Holly - Potentially, but also potentially a really exciting opportunity because, don't forget, although we do have a system that people are very used to at the moment, we have huge issues of inequality within our education system. It's a well recognised problem that parental income is the greatest indicator of educational outcomes for young people. The kinds of opportunities that we might be developing through these kinds of innovations that this change might be necessitating teachers to make, could be a really fantastic opportunity for some of those inequities to be addressed. It's far too early to tell. One of the really big differences that I've become fascinated by in the last few weeks has been how the grouping of learners has changed so significantly - that within the school context, children are batched according to age and they are most typically taught in single age classes. And what we've now had is children moving to, and young people moving to learning in the context of their families. And they might be an only child, so they might be learning alongside a couple of, or one other adult. But they might be learning alongside siblings who would typically be very different ages to them. And that I think is really opening our eyes as practitioners to the way in which we think about what really matters in terms of what counts as learning, and how we best facilitate learning. And the children and young people that I've been working with over the last few weeks have been very consistent in their message that actually what's really important to them, it's the contact with each other.

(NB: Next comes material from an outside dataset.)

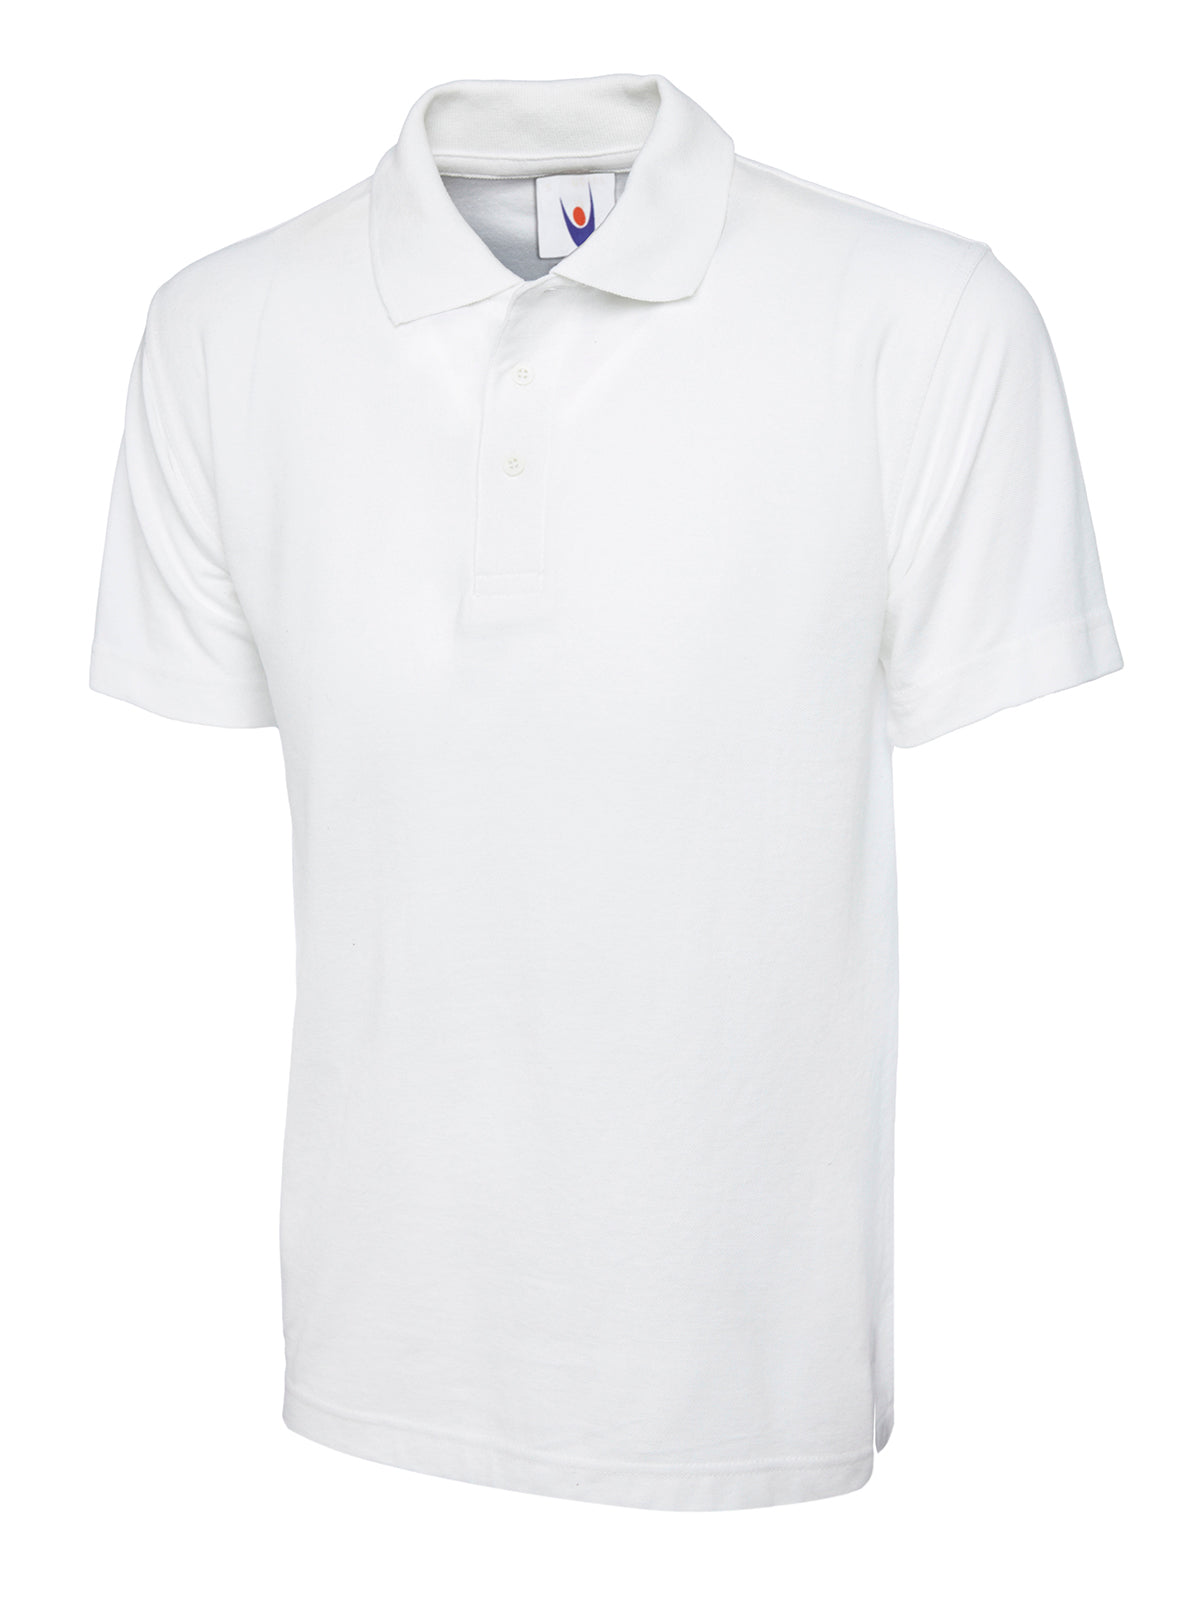 Uneek Olympic Poloshirt UC124 - White
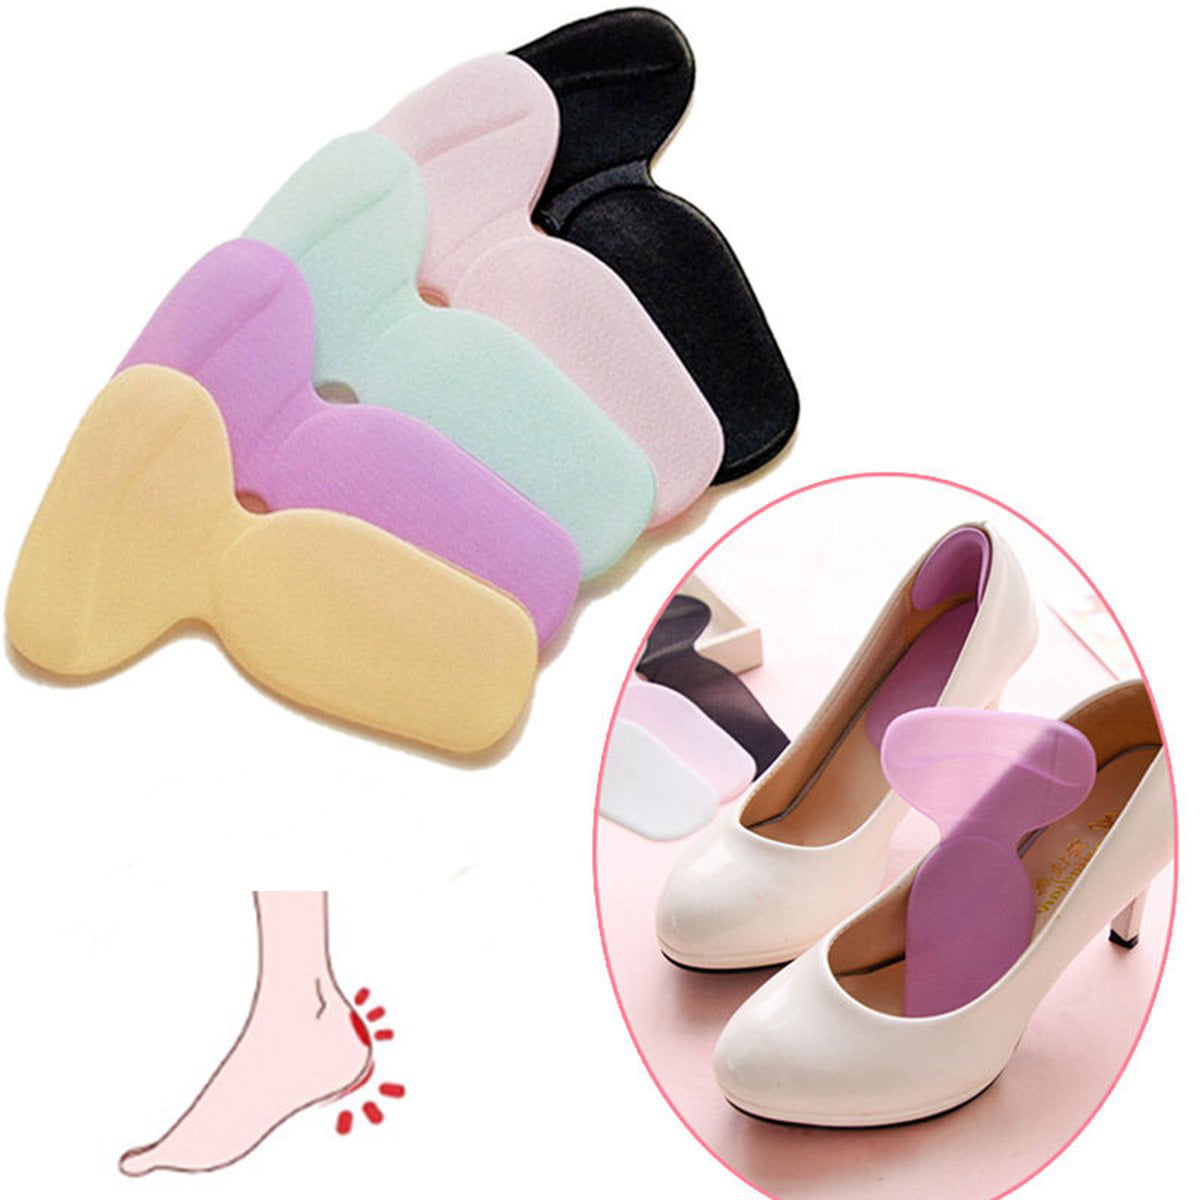 5pairs Heel Cushion Insertssoft Shoe Inserts Heel Cushion Pads Self Adhesive Foot Care

Chris - You're sort of saying, I think, that education needs a damn good shake up, this is an opportunity or a catalyst for that shakeup to happen. Because one report I read suggested that if you look at generation Z individuals born from the mid 1990s, 85% of the jobs that they're going to be doing that we're extensively training them for in schools right now, that they're going to be doing in 2030, don't even exist yet. So therefore that we have to have an eye on the future and this is an opportunity to reevaluate

Holly - Of course. And I think teachers do that. I don't think that schools are training young people for specific jobs. I think the notion of curriculum that we have within education in schools at the moment is much broader and richer than that. But you're absolutely right, types of employment are also changing very quickly. And that's really different to, for example, 50 years ago where you might well have been able to predict the sort of job that you were going to get when you grew up. And also that you would do that with some sorts of expectation that you probably be in that job for a significant number of years, quite possibly your entire working life. And that's very different as well. And so having an education system, that is nimble and adaptive is absolutely critical. And having technology and digital literacy and data literacy as a core part of that, I think everybody recognises is going to have to be part of the future. And schools were already working towards that, and I think what's happened because of this pandemic is a sort of kick-starting of some things that many schools knew they were going to have to do anyway but might not quite have got round to. It was rather like in the interview that our colleague from health was saying in terms of how GPS are used to working. I think the really big difference that we have in terms of the provision of education and schooling with the use of technology that is very different for schools than it is for that example of how a GP appointment might work is that actually education is not simply about a relationship with an individual. That's part of it, but it's not the whole thing. That actually the way in which humans learn as social animals is very, very important and there are some really great stuff coming out of the use of technology to enable those social contact., And I think it's really important that we as educators hold that in mind and that we don't just reduce the communication that we are using technology for to being simply of that very kind of one way teacher-pupil and hopefully a little bit of pupil back to teacher relationship, that actually pupil to pupil is also incredibly important.